Author: Alan Scott Rau*
Published: April 2009
Description: The law of discovery has been invested at times with unnecessary mystery. There are few fields where considerations of practical convenience should play a larger role. All things are lawful; but not all things are expedient. All things are lawful; but not all things edify.
In all our discussions of the fact-finding process in arbitration, one common theme is inevitably the extent to which arbitral discretion can be deployed in the service of extracting necessary evidence from a recalcitrant party.
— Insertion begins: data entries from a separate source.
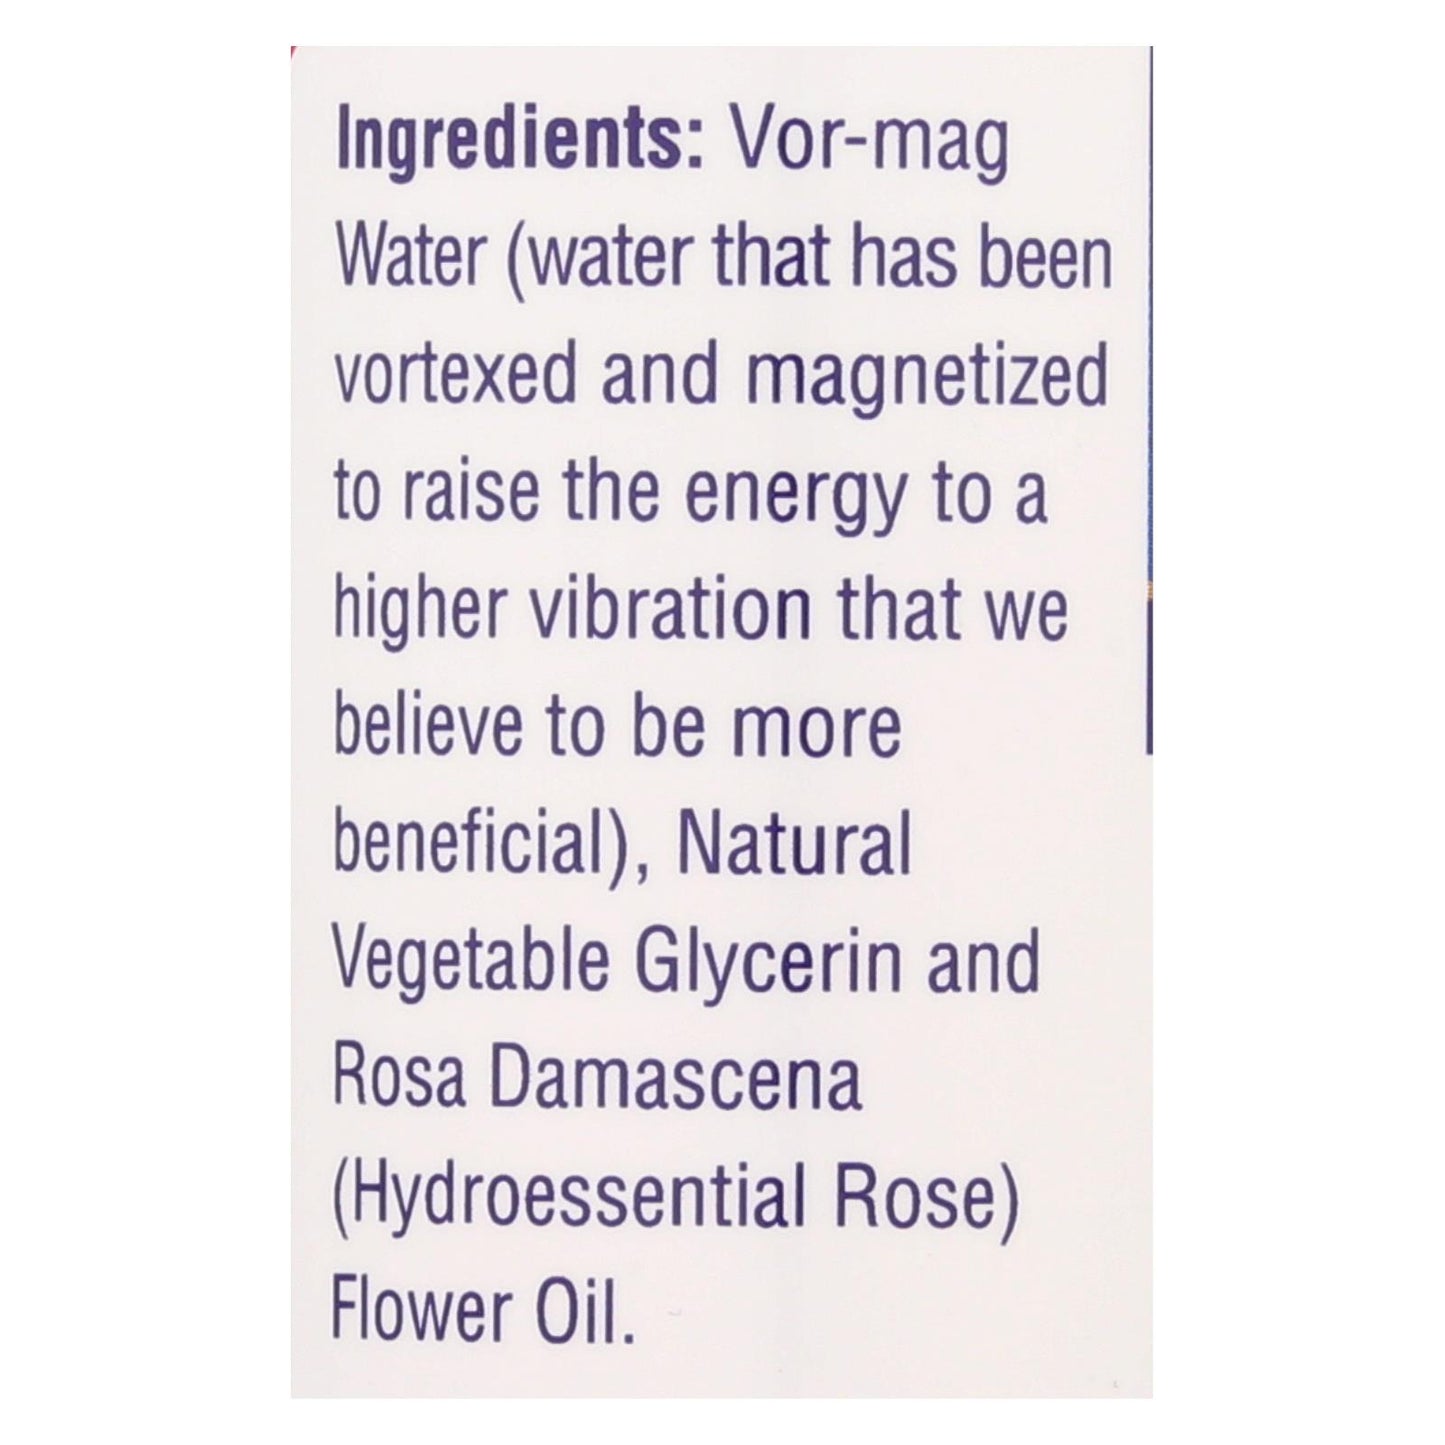 
                  
                    Heritage Products Rosewater And Glycerin, 4 Fl Oz
                  
                
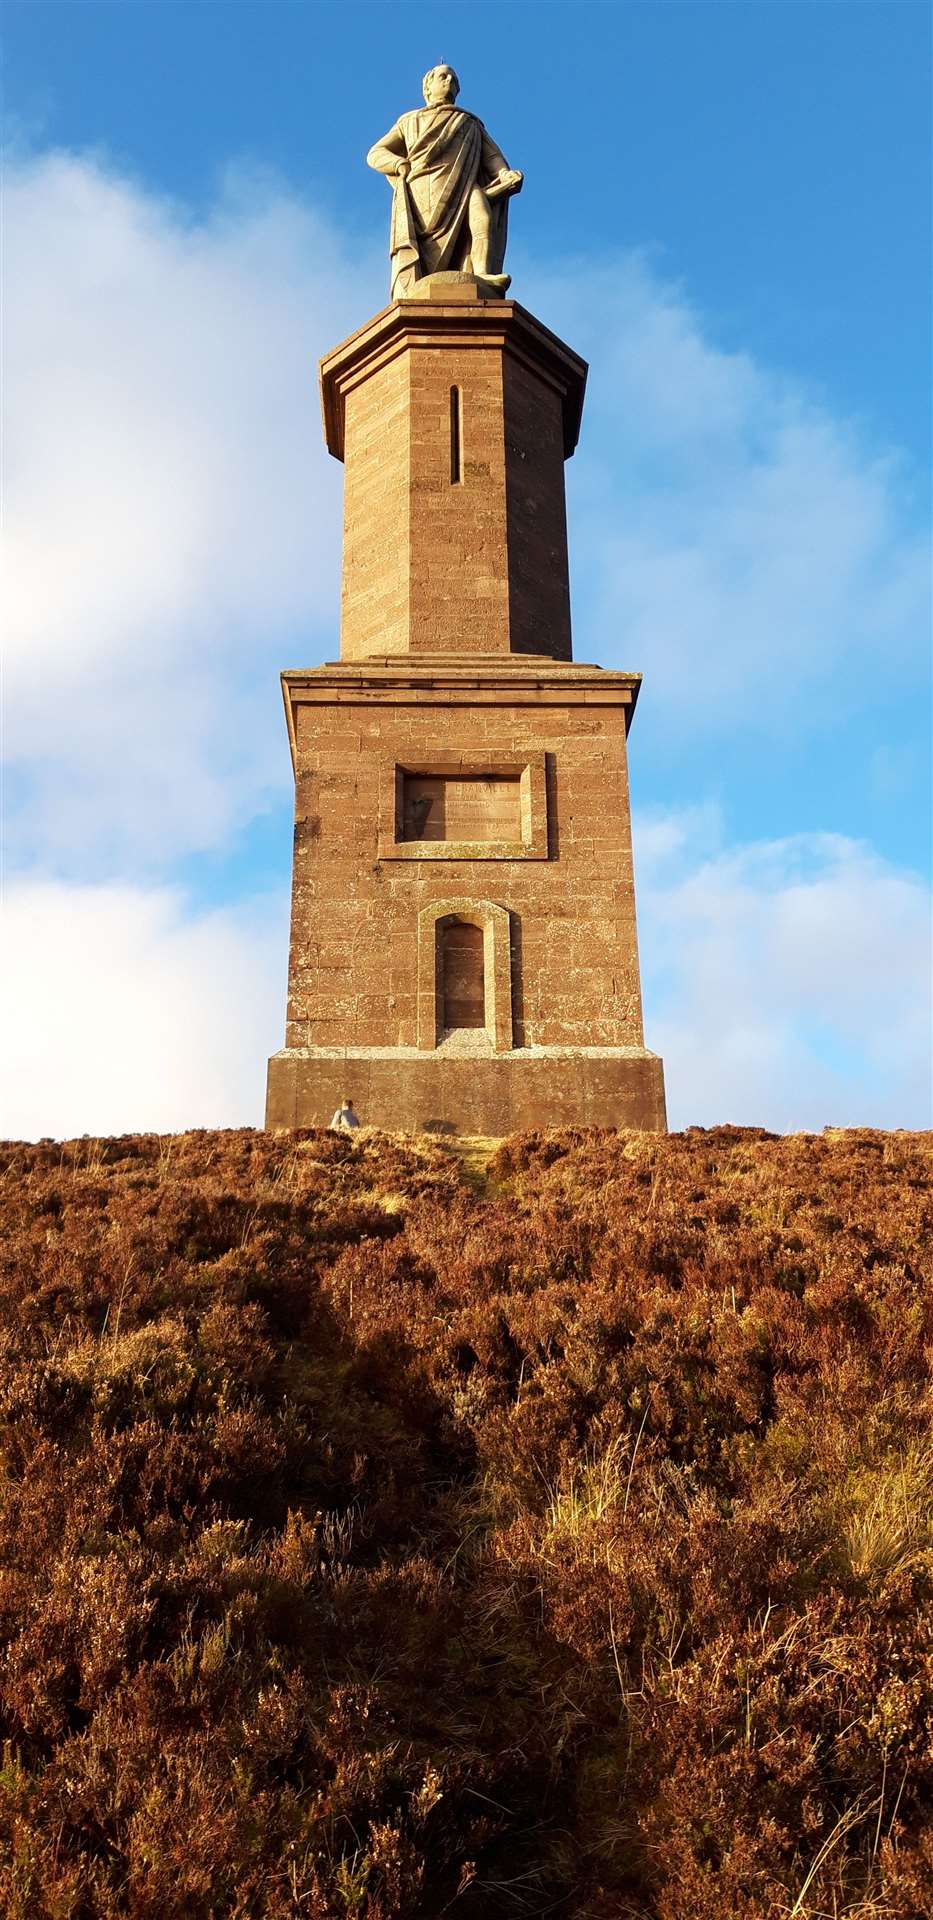 The Duke of Sutherland's statue stands at the top of Ben Bhraggie, Golspie.

Even here, it has been noted, the ability of arbitrators to ensure exchanges of information is uncertain, the tribunal’s power of enforcement being quite “limited” in circumstances where “one of the parties simply refuses to comply with [its] demands relating to discovery.” But where information is in the hands of a nonsignatory — or more properly, someone who is not himself a party to the arbitration proceeding — the problem is much exacerbated. In the United States in particular, one would naturally assume that the exercise of arbitral power with respect to “third parties” would be particularly suspect:
After all, in no other state have the courts so uniformly taken to heart, so wholeheartedly embraced, the notion that the arbitration process should be understood above all as an exercise in private autonomy — understood, that is, “through the lenses of contract rather than of adjudication.” Nowhere else has the resolution of any concrete issue arising in arbitration been so dominated by the assumption that “our only serious inquiry ought to be one into the understanding and underlying assumptions of the contracting parties themselves.” (This is a theme I have sounded again and again (and again) in earlier writing.)
*Burg Family Professor of Law, University of Texas at Austin School of Law.